By JV Genova
“I go for a walk in a familiar area and realize how now my body feels unfamiliar to me; it’s a home in which I know all the vessels, all the nooks and ways of movement but again I find it difficult to rest as I am hyper vigilant, like waiting for the baby to cry except now it’s my body crying.”
0. Haunted by so many questions, I went for a walk in an unfamiliar town in the hopes I’d find myself. Why does a body revolt, begin to eat itself away? The Greek root of the word tumor is onkos, which really means burden. Instead of finding myself, I found two deer lying in the shadows of a dark gray church. They curled their bodies in the green grass below the stained-glass windows, under a spreading crabapple tree, and never once moved their antlered heads, though they watched me closely.

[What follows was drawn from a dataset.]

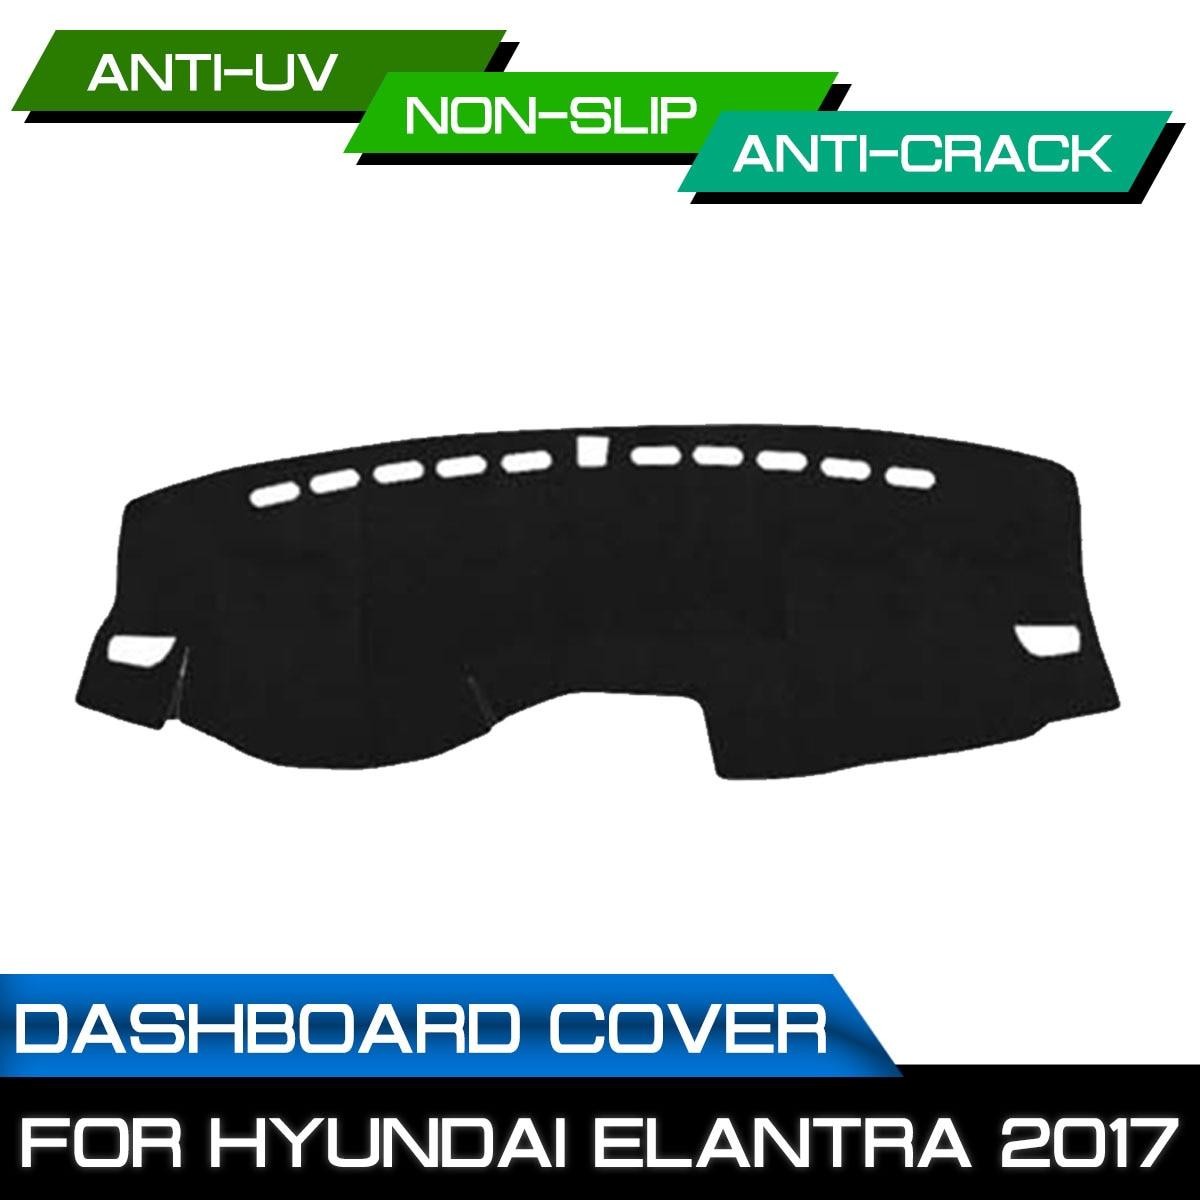 Car Dashboard Mat for Hyundai Elantra 2017 Anti-dirty Non-slip Dash Cover Mat UV Protection Shade

1. When I remember my hometown, I remember the oil refinery on the south side. Stack after gray stack rising into the deep blue sky, tendrils of smoke and flame rising from the tops. In a field below, visible from Interstate 25—where some people made their escape, speeding out of town—cows grazed in the shadows. I often wonder what those cows thought—if anything—the day there was an explosion at the refinery. I often wonder how many of those cows had tumors, or if they were slaughtered for steak before the tumors got big enough for anyone to notice. Many days, the wind blew hard enough, the smell of the refinery wasn’t too noticeable. But on a sunny day, if we decided to picnic in the park or toss the Frisbee, the sulfur, rotten egg odor would permeate, the air thick with its chemical smell.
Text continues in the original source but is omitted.